Fin connaisseur de la littérature américaine, Paolo Cognetti possède sur ce point une approche qui n’est pas sans rappeler quelques-uns de ses pères fondateurs. Steinbeck tout d'abord, qui dans son recueil de nouvelles Les Pâturages du ciel, joue pareillement au jeune italien aujourd'hui de l’installation d’une famille dans une vallée et de leur volonté d’y faire le bien pour sonder l’âme humaine.  Autre choix narratif semble-t-il inspiré de l'auteur des Raisins de la colère, le personnage de Bruno, ami montagnard du narrateur Pietro, n'est pas sans rappeler le stéréotype de l’ouvrier affrontant la crise qui traverse l’œuvre de l’auteur californien. Dans son écriture, toutefois, c'est plutôt vers la finesse et de la poésie d’un Jim Harrison que tend Cognetti, dont on retrouve une forme d'exaltation de la nature toute en retenue, pudique et sans effusion inutile. Enfin, si le natif de Milan réussit la prouesse de restituer la splendeur de ces cimes dans toute leur élémentaire beauté, jamais celle-ci ne saurait se dissocier des réflexions sur la nature humaine qu’elle lui inspire, à l’instar d’Henri David Thoreau dans Walden ou la Vie dans les bois. Cognetti, tout comme la naturaliste en son temps, utilise sa propre retraite pour s’interroger sur la société, le voyage, la famille, la tradition, mais aussi sur la jeunesse italienne  – thème déjà transversal à son précédent Sofia s’habille toujours en noir. 

 

Profondément introspectif, parfois hautement mélancolique, Les Huit Montagnes n'en demeure pas moins un splendide témoignage sur l'être humain et la nature, qui sait alterner entre gravité et une légèreté bondissante à la Tom Sawyer, que Cognetti ne manque pas de citer dans le texte. Explorant également les thèmes de la jeunesse, de la famille ou encore de la solitude, ce premier roman dépasse le cadre strict du roman d'apprentissage et empoignant quelques aspects de livres d'aventure et d'autres tirés du grand roman social à la Steinbeck, Zola ou encore Hemingway. Une oeuvre enivrante devant laquelle, comme face aux glaciers qu'il évoque, aucun lecteur ne restera de marbre.

 

La page à corner :

"Peut-être ma mère avait-elle raison, chacun en montagne a une altitude de prédilection, un paysage qui lui ressemble et dans lequel il se sent bien.
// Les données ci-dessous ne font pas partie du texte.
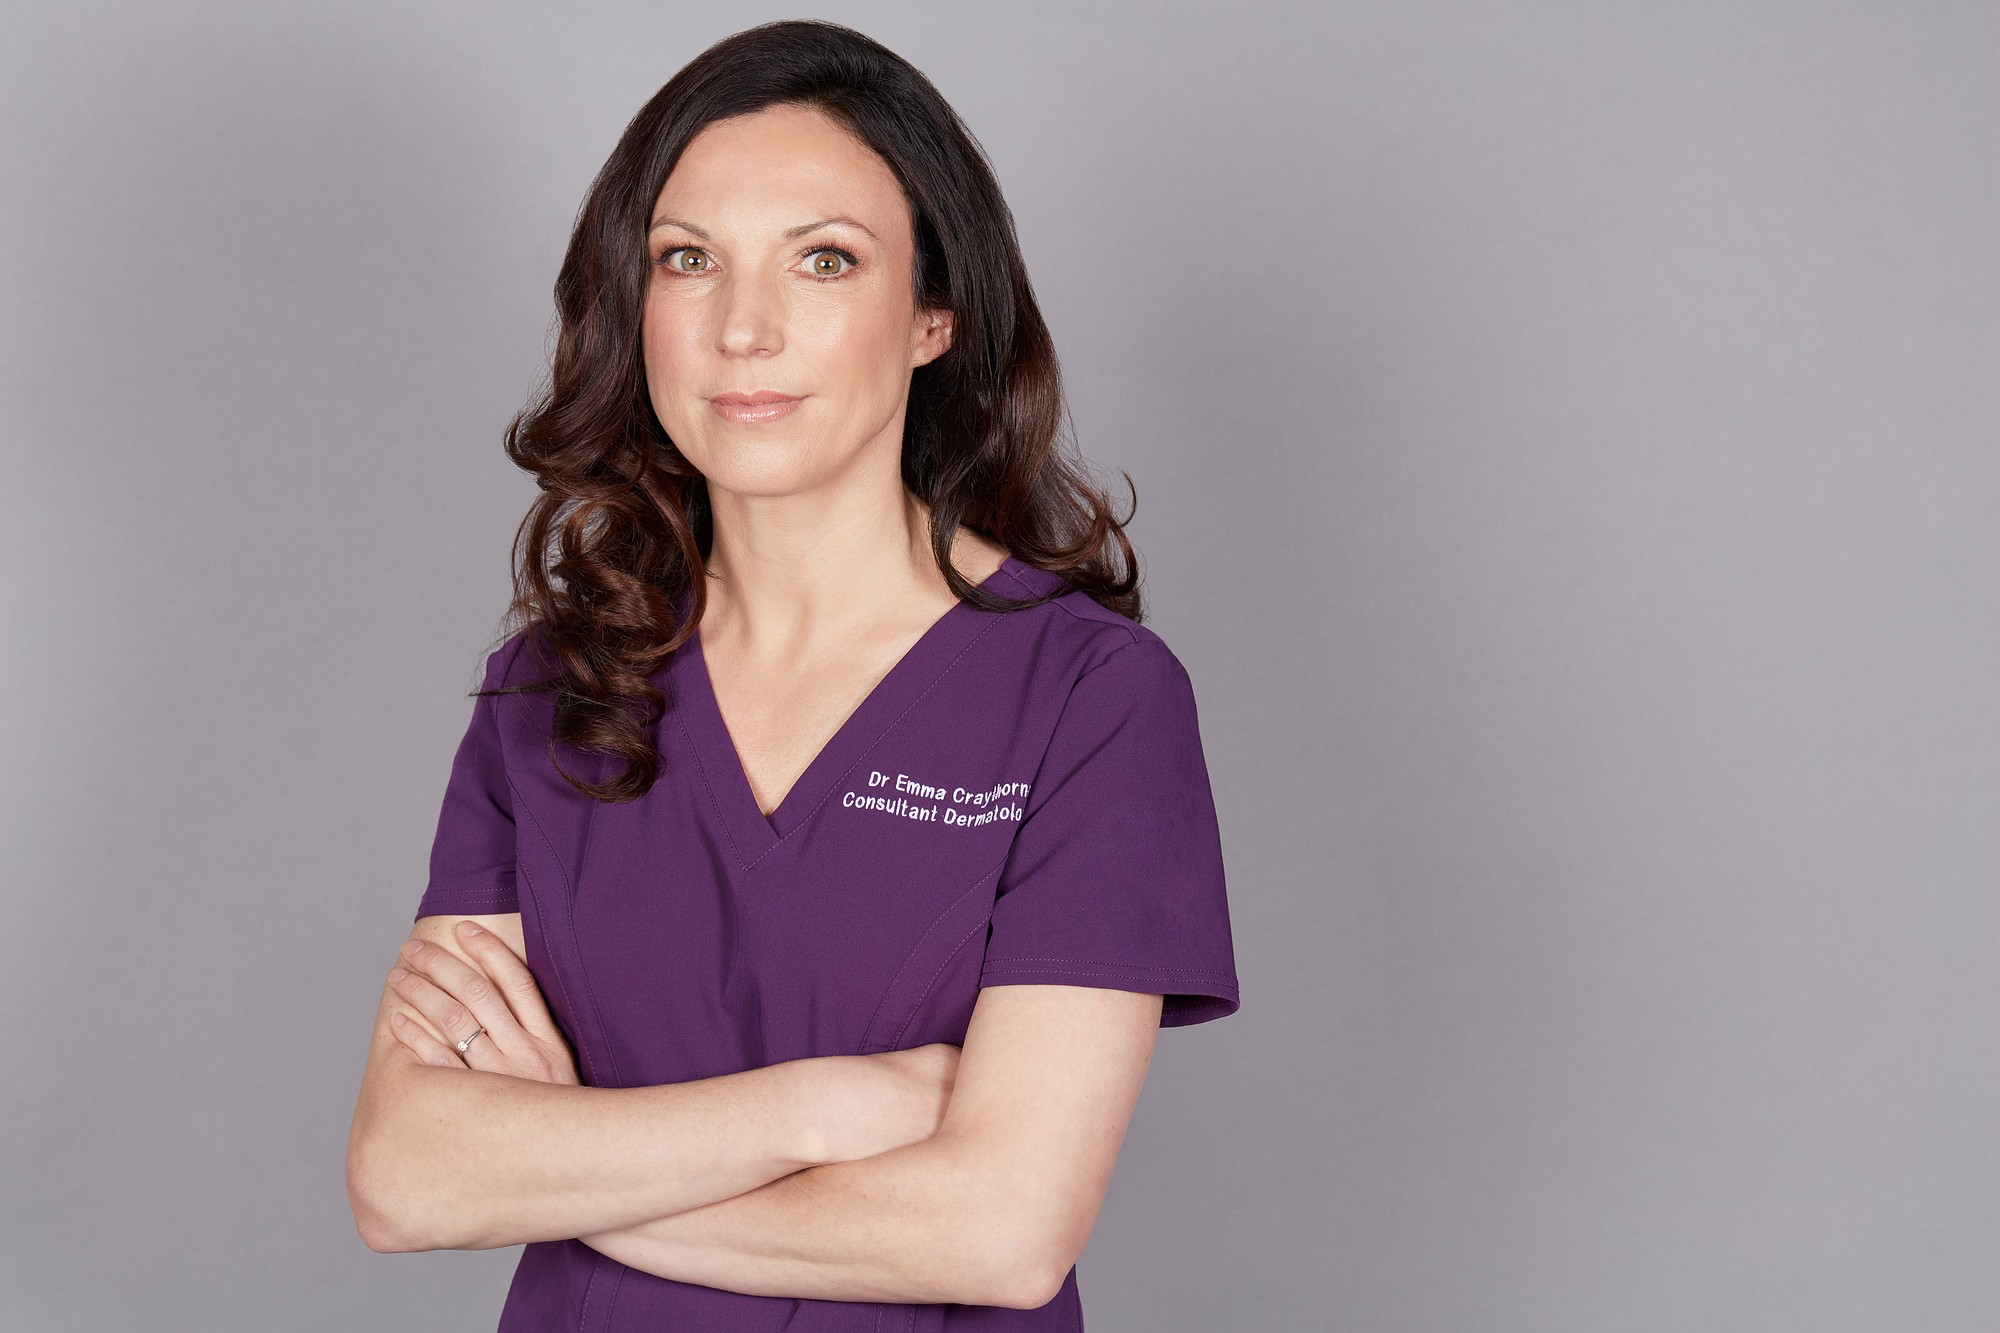 la-clinica-della-pelle:-cio-che-forse-ancora-non-sapete-sulla-dottoressa-emma-craythorne
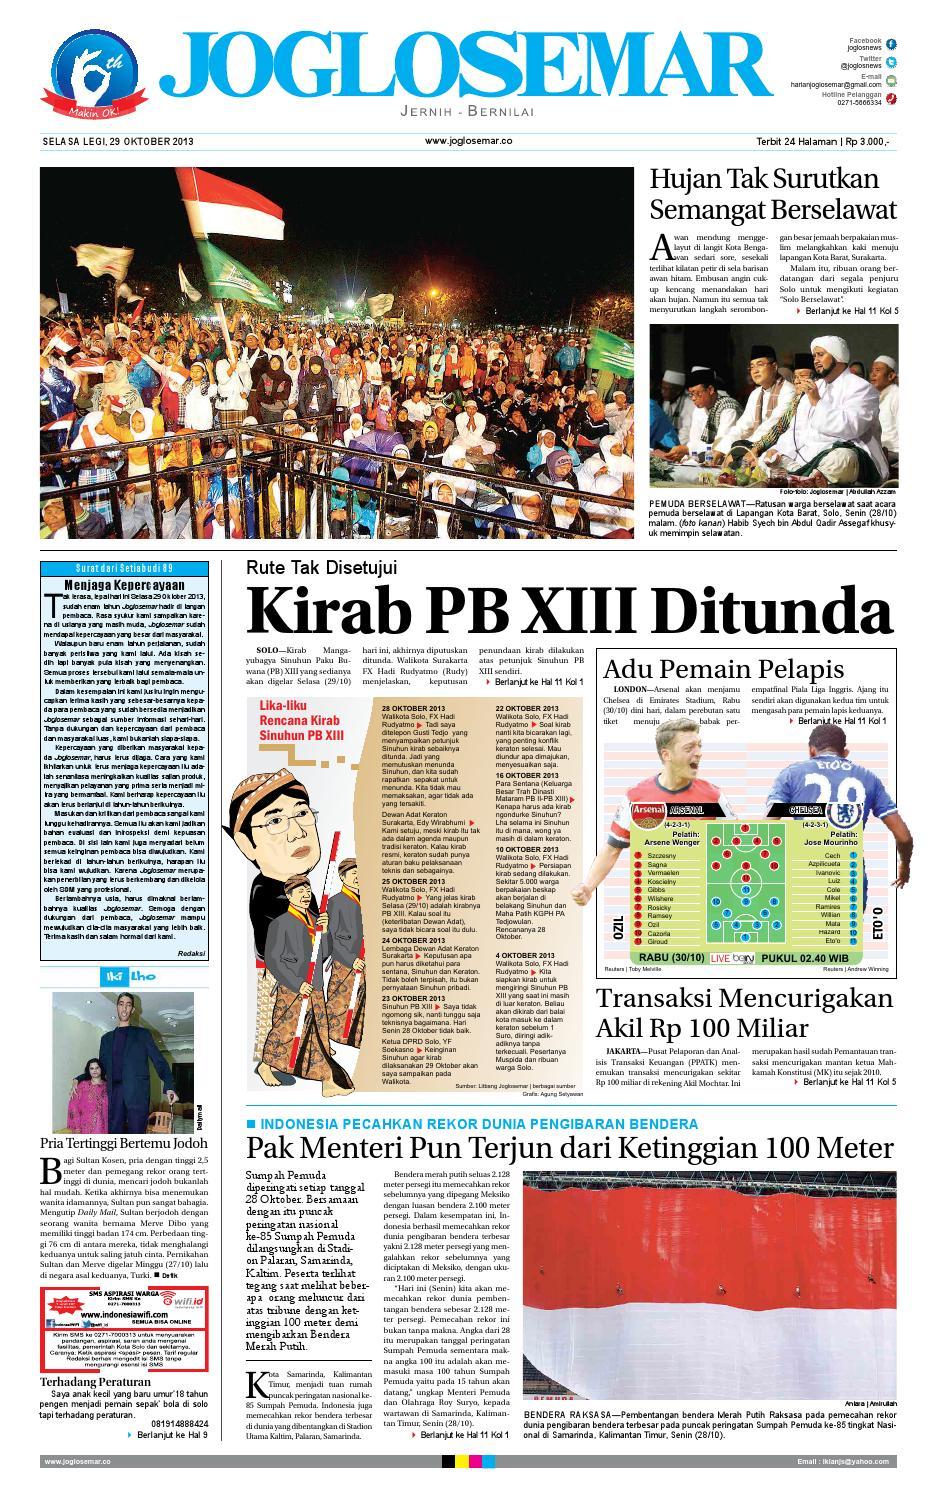 Epaper Edisi 29 Oktober 2013 By PT Joglosemar Prima Media

La sienne était décidément la foret des mille cinq cents mètres, celle des sapins et des mélèzes, à l’ombre desquels poussent les buissons de myrtilles, les genévriers et les rhododendrons, et se cachent les chevreuils. Moi, j’étais plutôt attiré par la montagne qui venait après : prairie alpine, torrents, tourbières, herbes de haute altitude, bêtes en pâture. Plus haut encore la végétation disparaît, la neige recouvre tout jusqu’à l’été et la couleur dominante reste le gris de la roche, veiné de quartz et tissé de jaune des lichens. C’est là que commençait le monde de mon père. Au bout de trois heures de marche, prés et bois cédaient la place aux pierrailles, aux petits lacs cachés dans les combes à neige, aux couloirs creusés par les avalanches, aux ruisseaux d’eau glacée. La montagne se transformait alors en un lieu plus âpre, plus inhospitalier et pur : là-haut, mon père arrivait à être heureux. Peut-être retrouvait-il sa jeunesse, en retournant à d’autres montagnes et d’autres temps. Même son pas semblait se faire moins lourd et recouvrer un agilité perdue." (p. 53-54)

 

Yves Czerczuk

à voir

Ajoutée le 4 Octobre 2018

Jeune prodige de la littérature allemande, comparé à rien de moins que John Irving, Benedict Wells vient d’arriver dans les librairies françaises avec La Fin de la solitude (Le Livre de Poche).

Ajoutée le 1 Octobre 2018

De l'immédiat après-guerre jusqu'à l'adoption du mariage pour les personnes de même sexe en 2015 par referendum, Les Fueurs invisibles du coeur de John Boyne suit les aléas de

Ajoutée le 17 Juillet 2018

En un seul roman paru en France, Les Portes du néant, Prix du meilleur livre étranger, Samar Yazbek a su rendre nécessaire son regard sur la guerre en Syrie et son absurdité.

Ajoutée le 8 Janvier 2018

C'est lors d'un voyage au Ghana où elle est née et qu'elle a quitté à l'âge de deux ans que Yaa Gyasi a senti germer le point de départ de ce qui allait devenir son premier roman, No home.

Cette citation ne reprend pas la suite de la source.